We meet little traffic apart from huge truck trailers hauling their loads of stripped cork bark.
Picture this: We head for Imani Country House, near Evora, largest and most important of the region’s towns and a UNESCO heritage site, taking to a dusty track with no indication of our final destination or any signs so far except for a board which points to “ Casa de Campo”.
Imani has less than ten bedrooms so the municipality does not allow the property to advertise its name on any signposts, we discover.
But maybe it’s all for the best, another guest points out, as we help ourselves to drinks from the honesty bar, spoil the resident cat and enjoy wonderful chilled surroundings and the excellent food and wines of Imani.
Day Five: Reluctantly, we force ourselves to move on from Imani Country house.
The rental car is cloaked in dust, its suspension put to the limits when we travel up an adjoining track to the megalithic site of Cromeleque dos Almendres, a series of ninety five standing stones dating back to 6,000 BC.
The 5 km long torturous boreen is littered with deep potholes.
Its remoteness is no deterrent to the many who visit a spot, reputedly two thousand years older than Stonehenge.
Back on the road we travel ever southwards, now less than 200 km from Faro, stopping for lunch at Hotel O Gato’s traditional restaurant in Ferreira de Alentejo.
We fortify ourselves with a huge tuna salad at €3.50 and a pizza large enough for two to share at €7 — yet another example of Portugal’s big portions and great value.
The temperature soars to almost 30 degrees by mid- afternoon. Blackened skeletal forests and fire walls mirror the ravages of wild fires.
Through whitewashed streets of Castro Verde and onwards to Almodovar the N2 dips and climbs, twists and turns into the Caldeirao mountains arriving above the interior Algarve of awesome views.
A corkscrew-like series of endless turns leads us gradually downwards towards faraway Faro, meeting dozens of bikers on a vintage motor rally.
Day Six: Pousada Estoi-Faro. A grand finale to any road trip is ending at this fairytale pink and cream rococo style palace building, decorated with statues from antiquity.

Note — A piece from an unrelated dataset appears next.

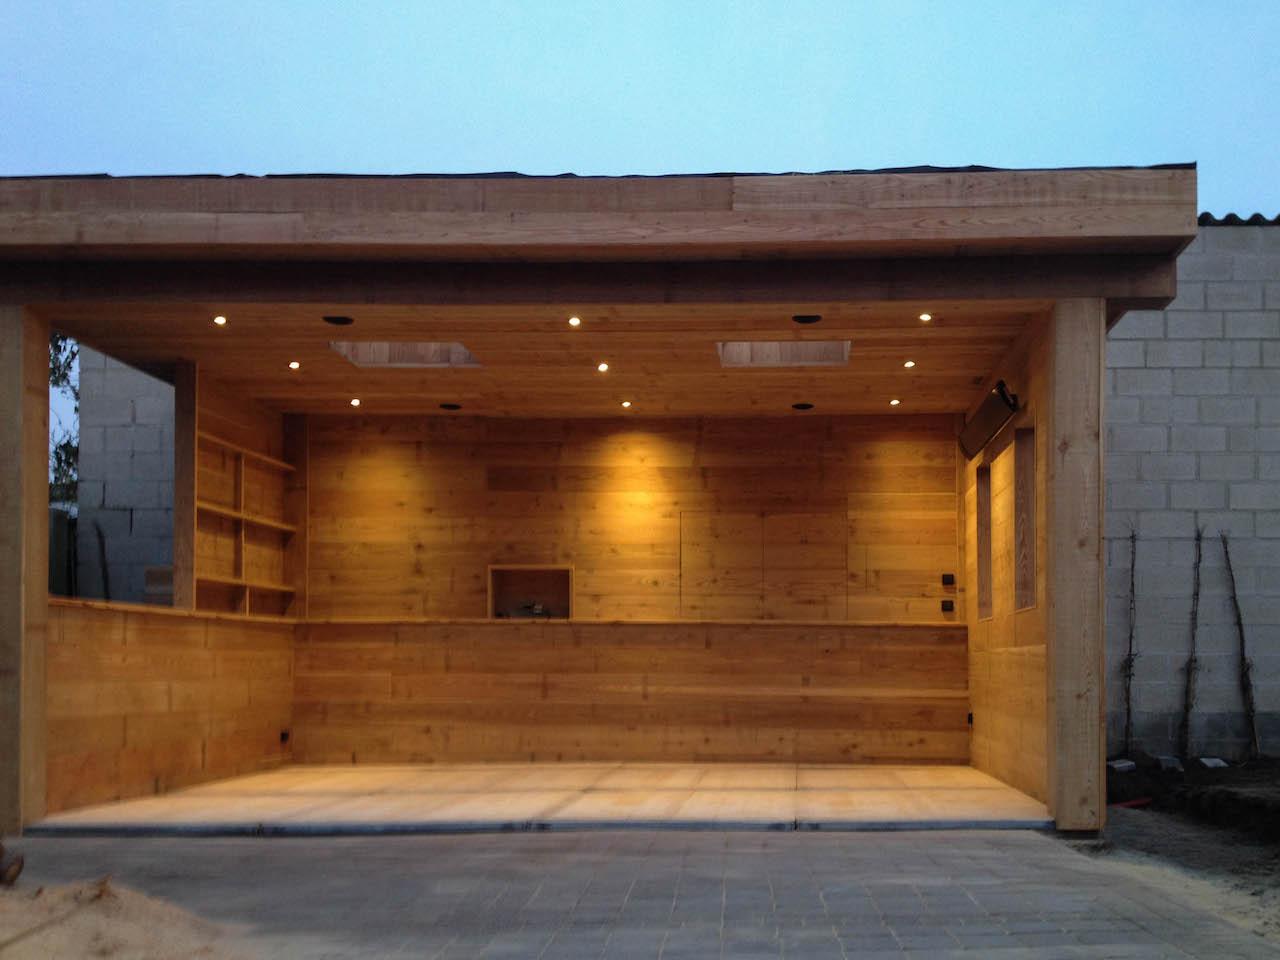 Infrarood Verwarming Garage : Franks tuinkamer treelife boomhutten tuinkamers buitenkeukens

Getting here has been a snakes and ladders puzzle up and down the village of Estoi on the verges of Faro — road diversions and one way streets confounding the GPS, yet again, which directs us onto a gravel grassy goat path under the new motorway viaduct.
Our last morning takes us past the end point of the N2 out to Olhao’s colourful port and daily food market with a meander through the last bastions of its once powerful canning industry and an exploration of an area unfortunately often bypassed by tourists.
Our feisty, interesting guide Diana Nunes takes us to the marina sheltered behind old historic Faro castle for a power boat tour around Parque Natural da Ria Formosa’s bird rich wetlands saying, “don’t worry anymore, someone else is doing the driving at last”.